This script ([`src/dashboard/dashboard.py`](src/dashboard/dashboard.py)) automatically creates and visualizes dashboards for your key health and fitness metrics using the [trusted views](sql/business_view/).

**Dashboards and KPIs included:**

- **Goal Achievement:**  

  - % of users who have achieved their goals  

    - [`trusted.vw_pct_users_achieved_goals`](sql/business_view/create_view_pct_users_achieved_goals.sql): Calculates the percentage of user goals (across all goal types) that have been achieved.

- **Nutrition:**  

  - User's favourite food and typical meal time  

    - [`trusted.vw_user_favourite_food`](sql/business_view/create_view_user_favourite_food.sql): Shows each user's most frequently consumed food and the meal time they usually eat it.

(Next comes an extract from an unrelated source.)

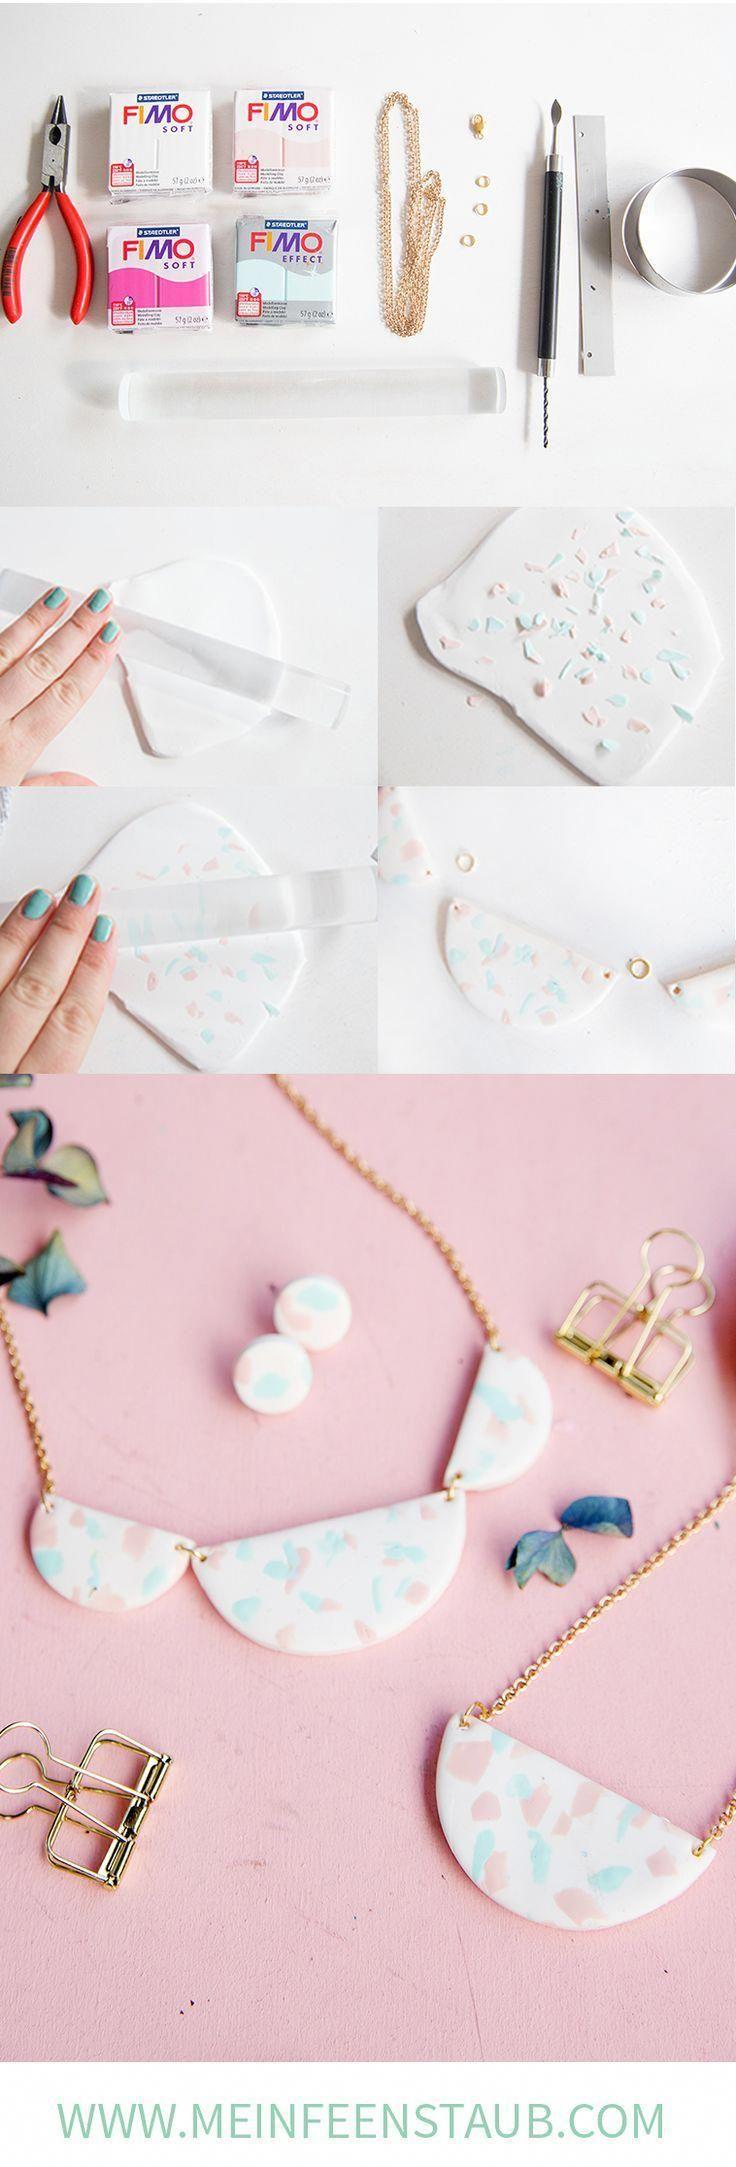 Photo of Blue Sapphire Necklace / Genuine Sapphire Necklace in 14k Gold / Unique Sapphire and Diamond Pendant / September Birthstone / Push Present – Fine Jewelry Ideas

  - Average macronutrient distribution per user  

    - [`trusted.vw_user_avg_macros`](sql/business_view/create_view_user_avg_macros.sql): Displays the average intake of calories, carbs, protein, and fat per user.

- **Activity:**  

  - Daily average calories burned per user  

    - [`trusted.vw_user_daily_avg_calories_burned`](sql/business_view/create_view_avg_calories_burned.sql): Reports the average number of calories burned per user per day.

- **All dashboards:**  

  - Displayed together for easy comparison

Dashboard Example Output

![Dashboard Example](assets/dashboard-example-screenshot.png)  

*Dashboard example shown for 10 generated users across 7 days*

---

## 4. Data Warehouse Design, Tables & Sources

### 4.1 APIs and Data Sources

- **HealthApp**: Synthetic data is generated using the [`healthapp.py`](src/extract/healthapp.py) script.  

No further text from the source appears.